Day of non-violence urged to remember Dr. Martin Luther King Jr
Story by Reuters
Written by David Beasley
People worldwide should honor the memory of Rev. Dr Martin Luther King Jr. by making Monday a "no shots fired" day and ringing church bells in support of non-violence, urged the daughter of the slain U.S. civil rights leader.
Church services and tributes will be held across the United States to commemorate King's 85th birthday on Monday, a federal holiday. At the same time, there is a push for a new monument and possibly a major movie production from director Oliver Stone.
"Dr. King's philosophy of non-violence is more relevant, I believe, than it was 10 years ago," King's daughter, Bernice, told Reuters.
In a time of school shootings and increasingly violent movies, television shows and video games, his message of non-violence should continue to resonate, said his daughter, chief executive officer of the Atlanta-based Martin Luther King Center which promotes his philosophy of non-violence.
"America has an enormous appetite for violence. I don't know why we have such an affinity for that, but I do know it has to stop," she said.
As part of the birthday tributes, the Atlanta branch of the National Association for the Advancement of Colored People (NAACP) began a gun buyback program, hoping to get 1,000 weapons off the city's streets.
King, who received the Nobel Peace Prize in 1964, was assassinated four years later in Memphis, Tennessee.
MOVIE MOOTED
As this year's holiday approached, lawmakers in King's home state of Georgia introduced a bill to erect a new statue honoring him on the steps of the Georgia Capitol in Atlanta, five blocks from where he was born on January 15, 1929.
The statue would replace another of the late Georgia Senator Thomas Watson, who was known for his racist, anti-Semitic and anti-Catholic views. The Watson statue was moved late last year to a park across the street from the Capitol.
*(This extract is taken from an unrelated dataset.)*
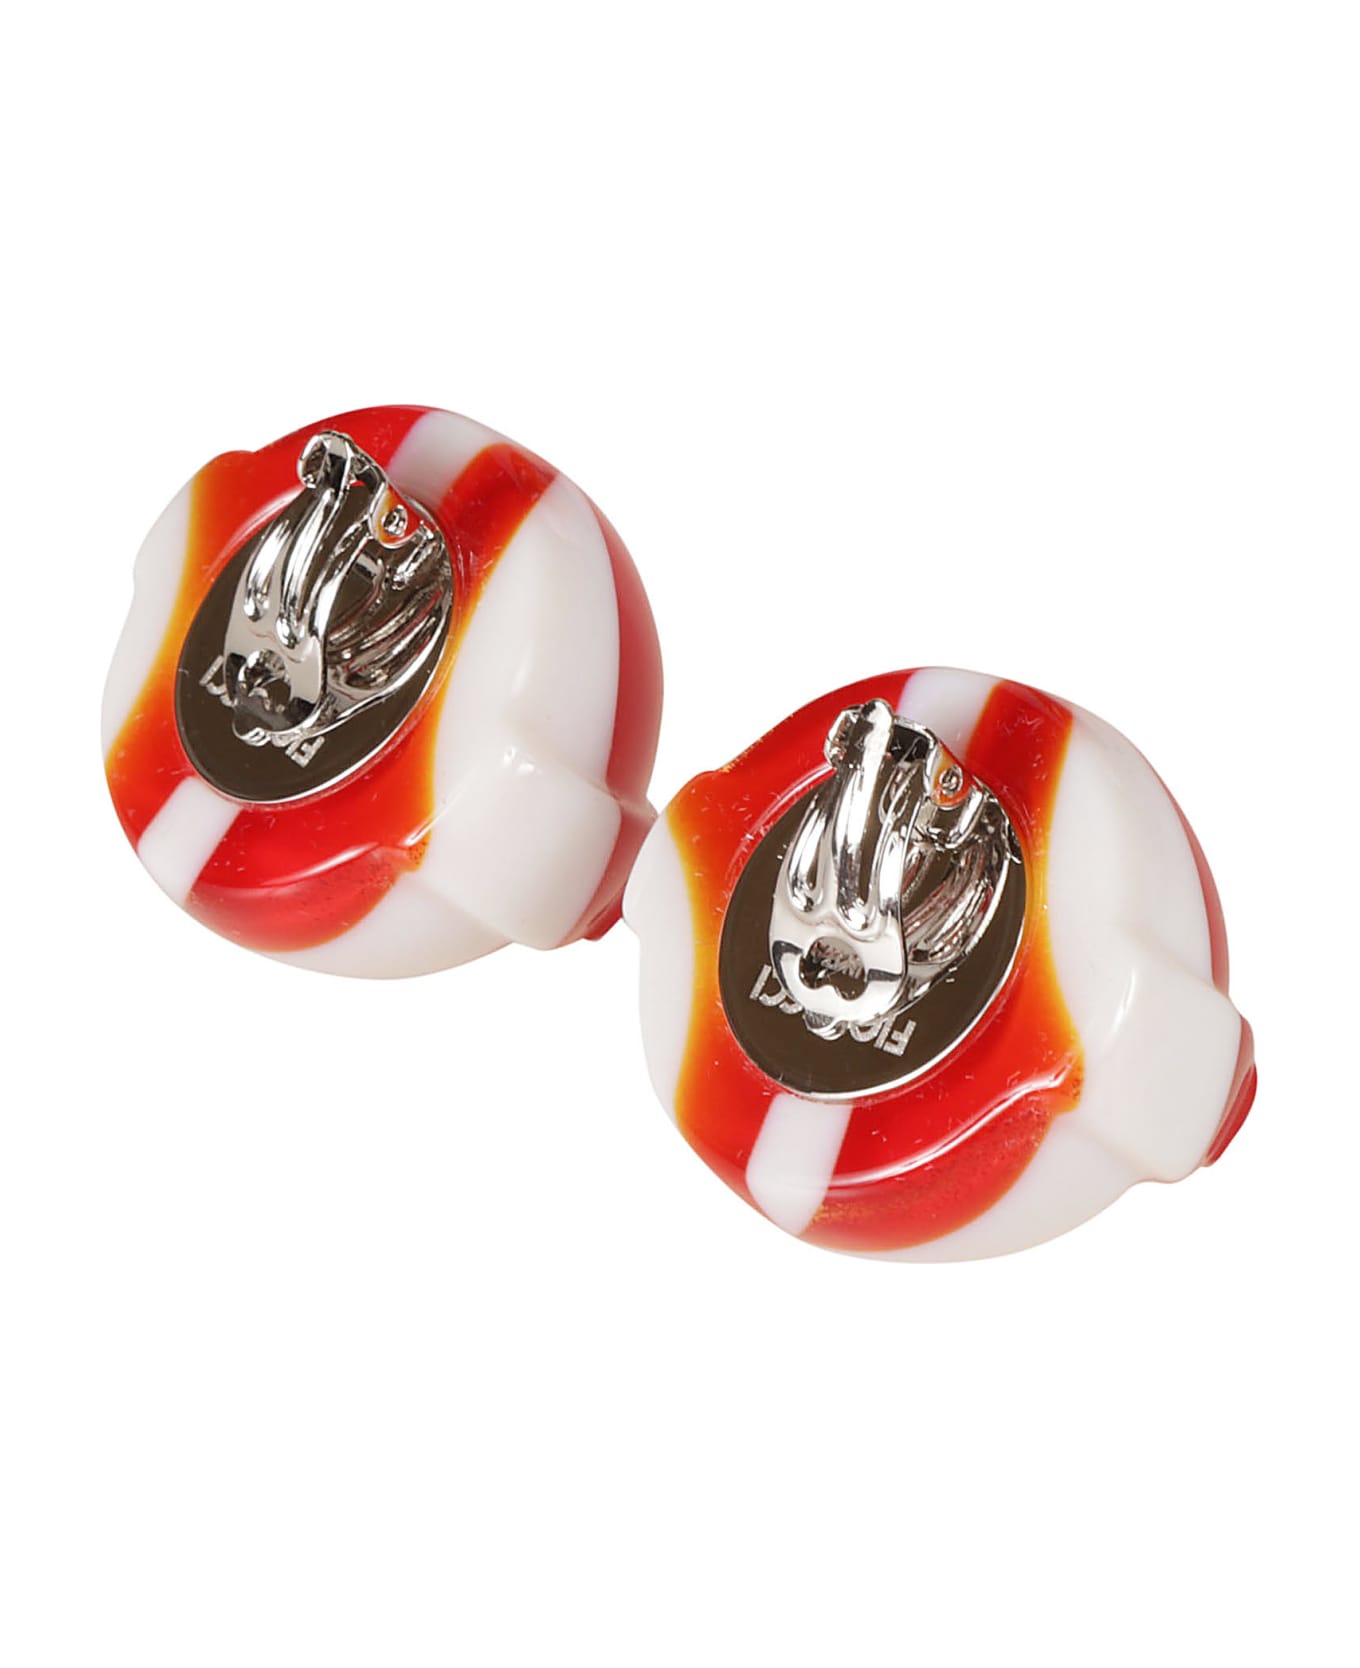 Fiorucci Lollipop Earrings - Red/White

In another project aimed at examining King and his role in American history, movie director Oliver Stone said in late 2013 he was interested in directing a film about King, with actor Jamie Foxx playing the lead role, according to media reports.
Crowds are expected to gather on the National Mall in Washington, where a 30-foot (9-meter) statue of King was unveiled in 2011. Park ranger Jan Buerger said talks and tours were planned there to commemorate King's birthday.
The city of San Marcos, Texas, will honor what it sees as two great civil rights pioneers, King and the late President Lyndon Johnson, by inaugurating a monument at the intersection where streets named after the two figures meet.
Johnson went to college at Texas State University in San Marcos from 1927-1930.
In what has been dubbed the Crossroads Memorial Project, an oval plaque will be put up on the corner where streets named after King and Johnson join, bearing the phrase "To Stand up for Another's Freedom Is To Free Yourself", written in English and a host of other languages.
"NON-VIOLENT REVOLT"
As a young minister in Montgomery, Alabama, in 1955, King led a bus boycott that was sparked when Rosa Parks, a black woman, refused to relinquish her seat to a white passenger.
In his autobiography, King called the Montgomery bus boycott "the first flash of organized sustained mass action and non-violent revolt against the Southern way of life."
He later moved back to Atlanta, where he led the national civil rights movement as president of the Southern Christian Leadership Conference.
For the first time, the National Civil Rights Museum in Memphis, which includes the Lorraine Motel where King was assassinated, will publicly play a recording of a 1960 interview with him discussing the civil rights movement.
Magician David Copperfield donated the tape to the museum in 2012.
"The national holiday is always a big visitation day," said Barbara Andrews, the museum's education director. "Thousands of people will come to pay their respects to Dr. King and the civil rights movement."